POST to: http://my-collector-domain:8080/com.snowplowanalytics.iglu/v1

It seems to come through but to my surprised added as unstructured. I now have a bunch of columns in my BigQuery like: unstruct_event_com_snowplowanalytics_snowplow_link_click_1_0_0.target_url

How do I not permit these unstructured fields?

Why did the mutator add the fields like that? Is there something more terse?

Of course, despite adding fields, it still didn’t insert any records. The messages just ended up in the failed message topic. edit: I was impatient :slight_smile: it did eventually end up in BigQuery.

Hey @Tom_M,

I can explain a couple of things here - unstruct is a (rather unwisely chosen) legacy term for ‘custom events’. It’s a terrible misnomer as they’re actually highly structured. You’ve essentially sent a custom link click event, and that triggered the column’s creation.

If you’re testing, then using the full pipeline might get messy as you’ll get a proliferation of columns for those test events.
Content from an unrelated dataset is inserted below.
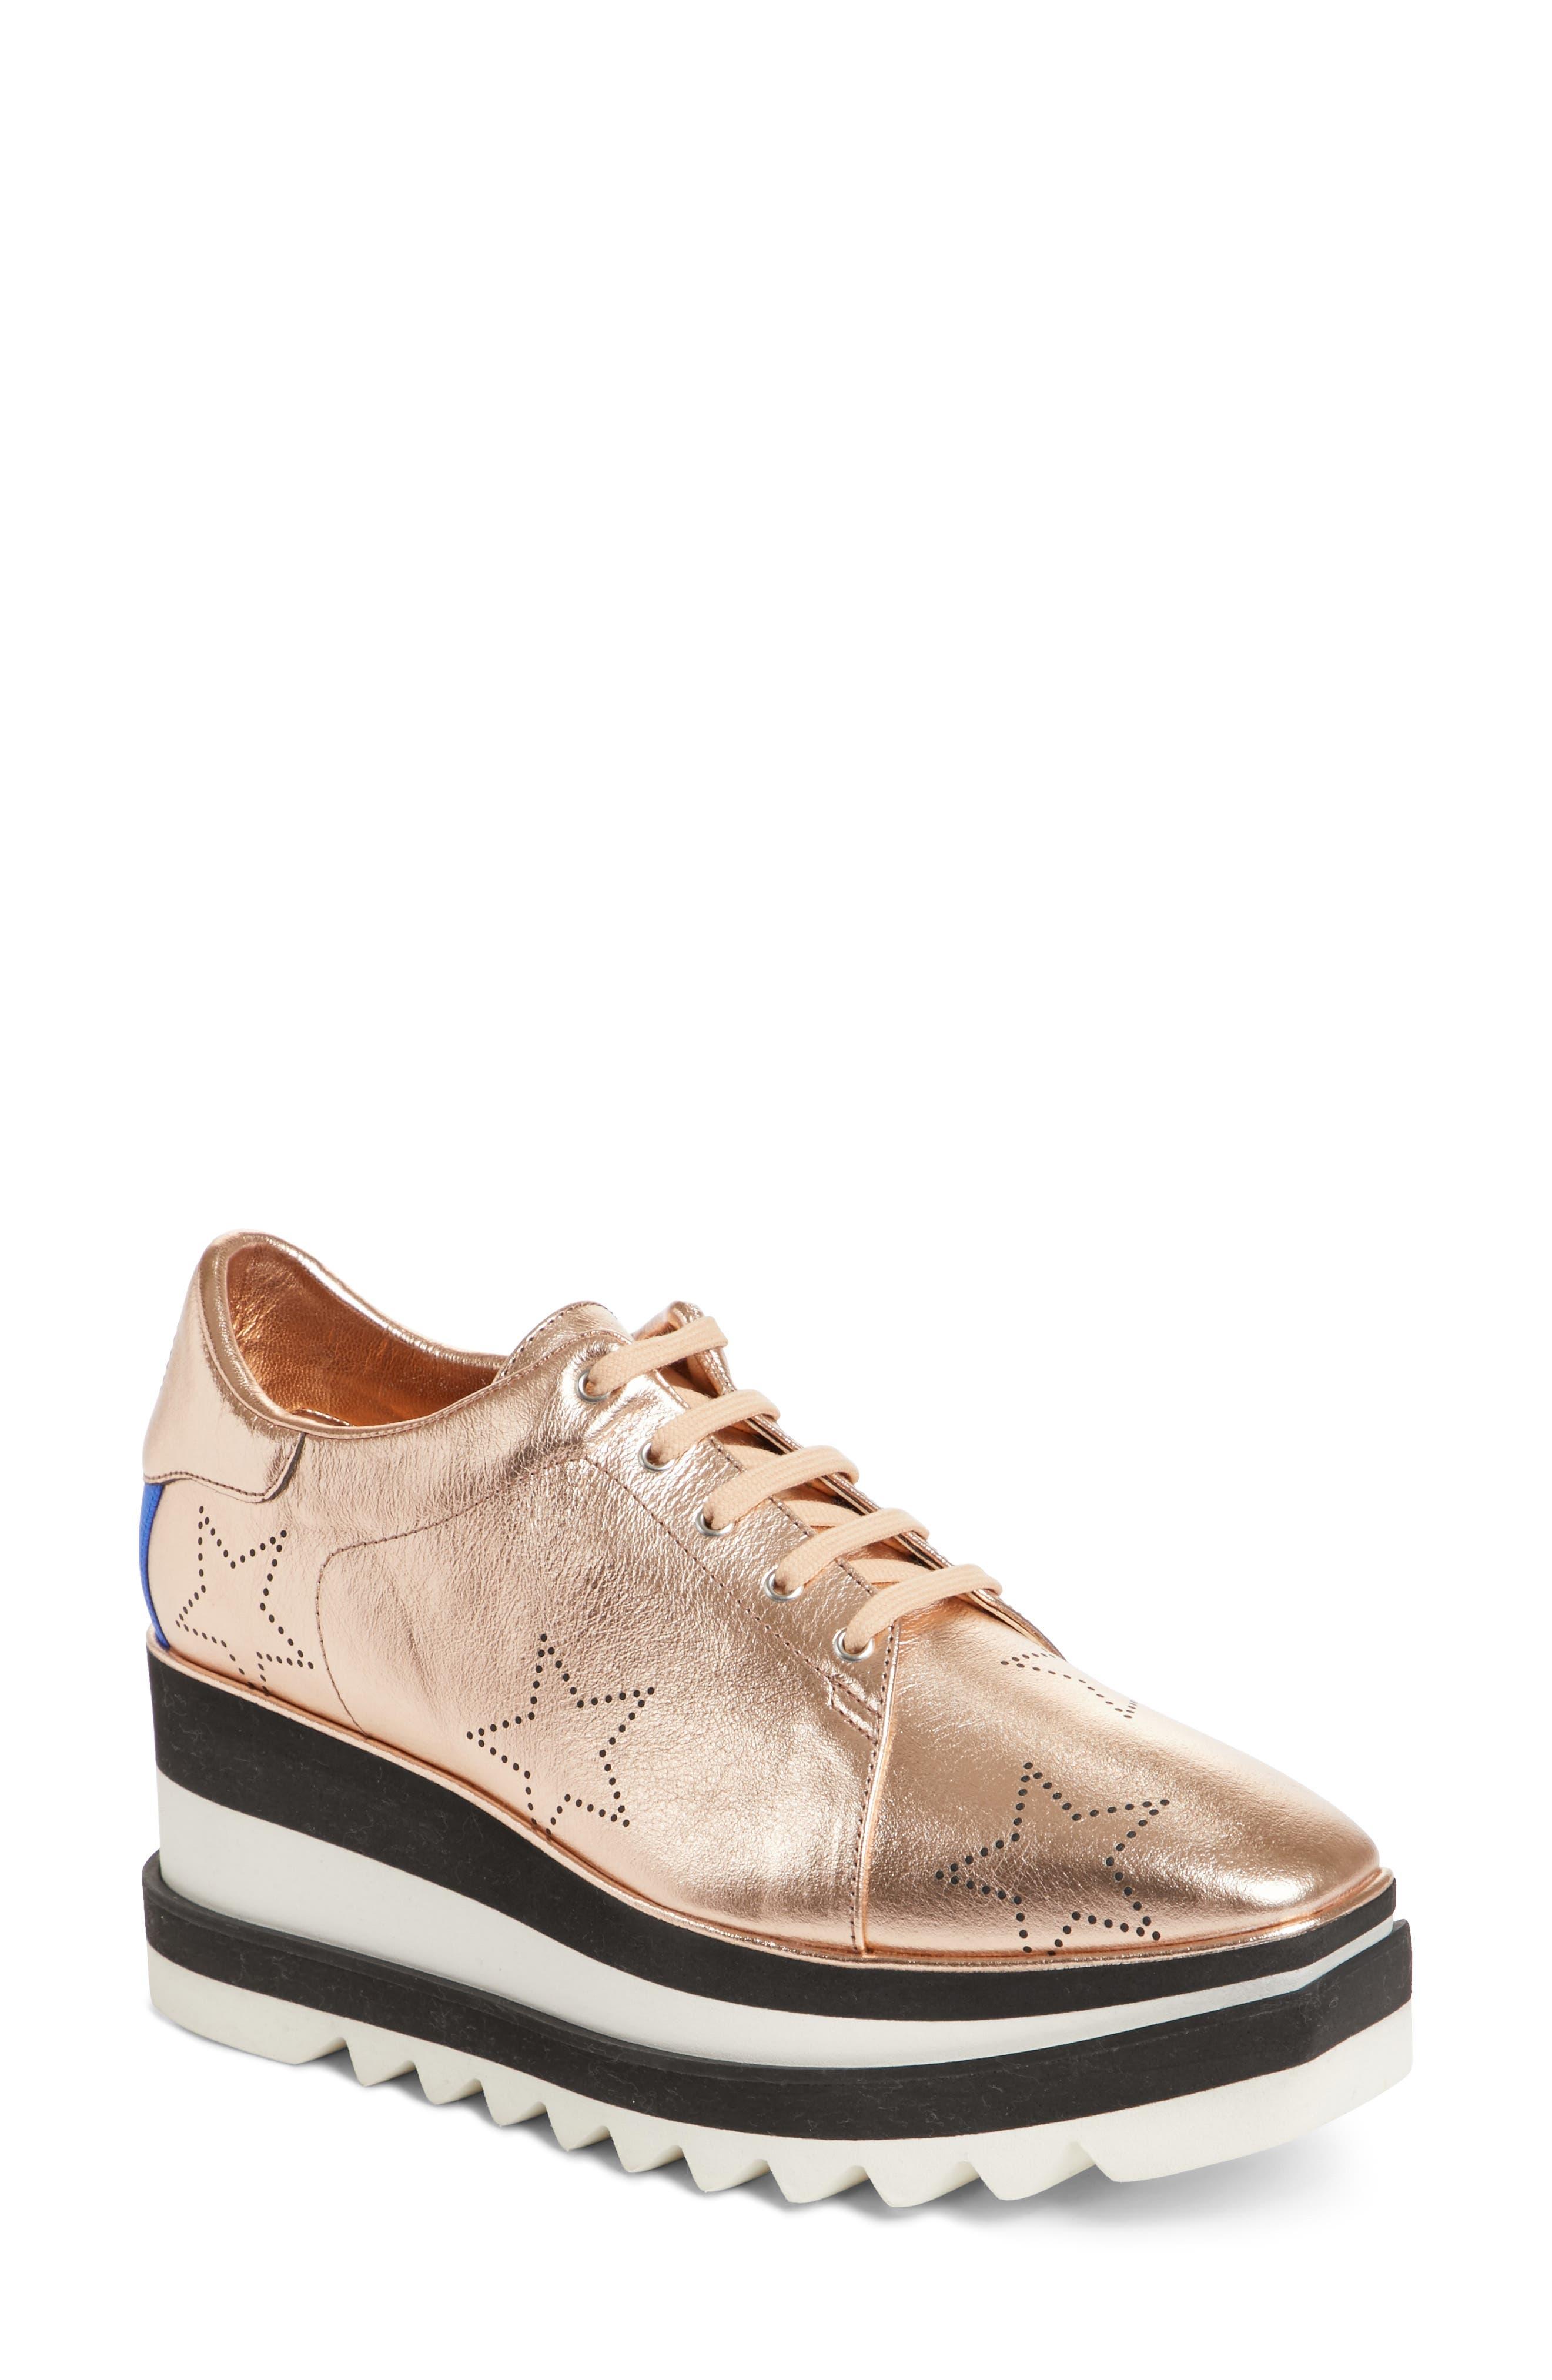 Alternate Image 1 Selected - Stella McCartney Elyse Platform Sneaker (Women)

It’s a good idea to use Snowplow Mini to test your tracking and schemas (or, for purely local, Snowplow Micro).

The delay you observed is also expected. When you first send events the column in which they live doesn’t exist - so the process to create it is triggered, and the events themselves go into a retry loop and are eventually inserted once the column is created.
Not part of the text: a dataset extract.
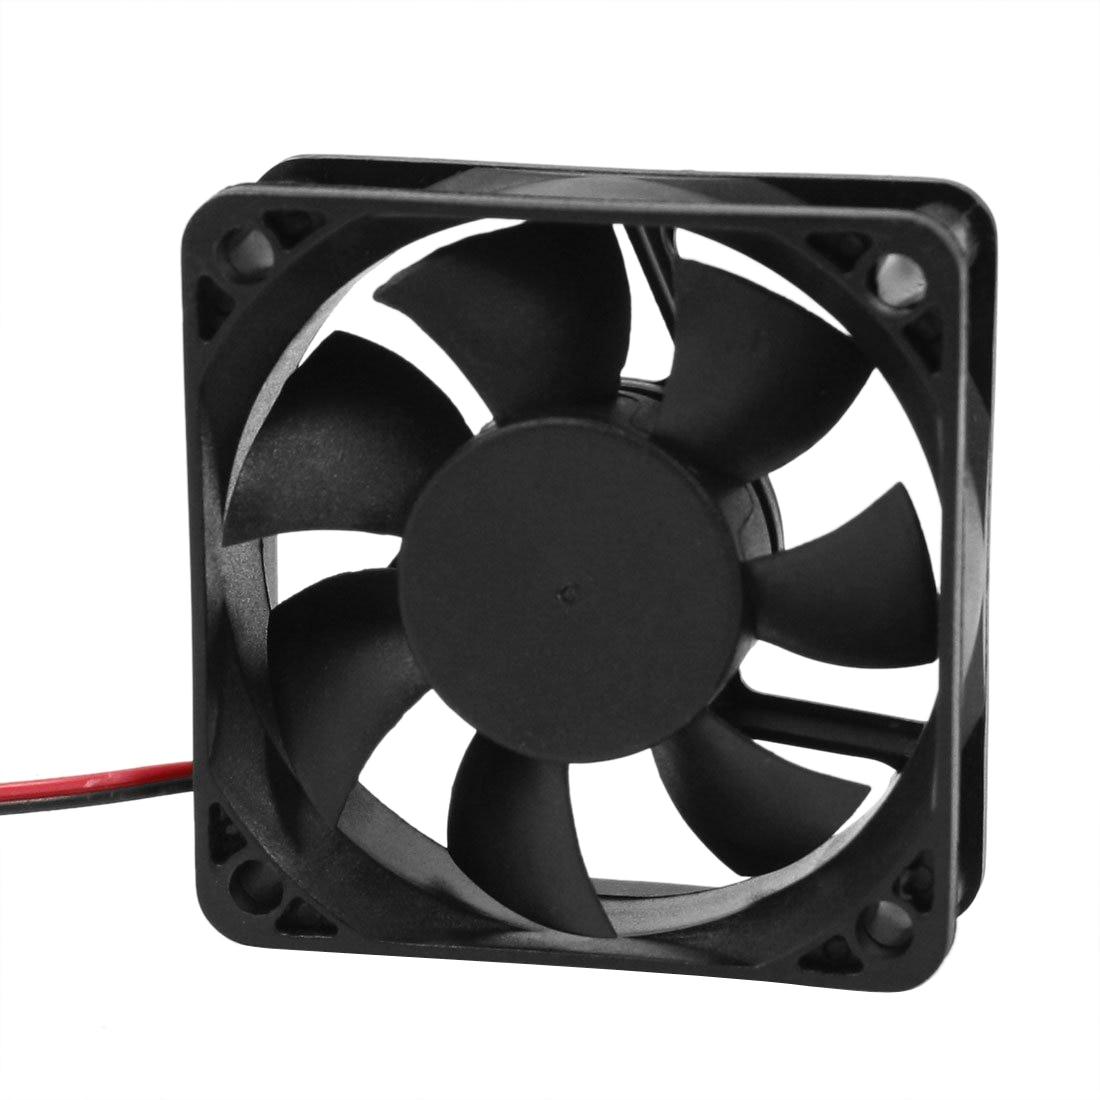 GTFS-Hot Sale DC 12V 2Pins Cooling Fan 60mm x 15mm for PC Computer Case CPU Cooler aerocool 15 blade 1 56w mute model computer cpu cooling fan black 12 x 12cm 7v

Typically this can take 5 to 10 minutes, and only for the first few events for a new schema.

Hope that helps explain things!

Best,

1 Like

Awesome, thanks!

While I am testing, I also worry about users (either internal engineers or end-users if using the JavaScript tracker on public facing site) sending events/messages with random fields. I’d like to ensure they don’t end up being counted unless in an actual schema.

BigQuery seemingly has 10k max columns if I’m reading correctly, but I don’t really want to see that many or have (either accidentally or maliciously) that maximum reached.

edit: oooh I think I understand. these are “valid” they just sound invalid due to the prefix?

Yes - at the moment the only way a BQ column is created is if a valid event is sent through (to the good topic) and the schema exists in one or more of the repositories specified in your resolver file. In this sense it’s not possible to send through arbitrary JSON and have a column created.

1 Like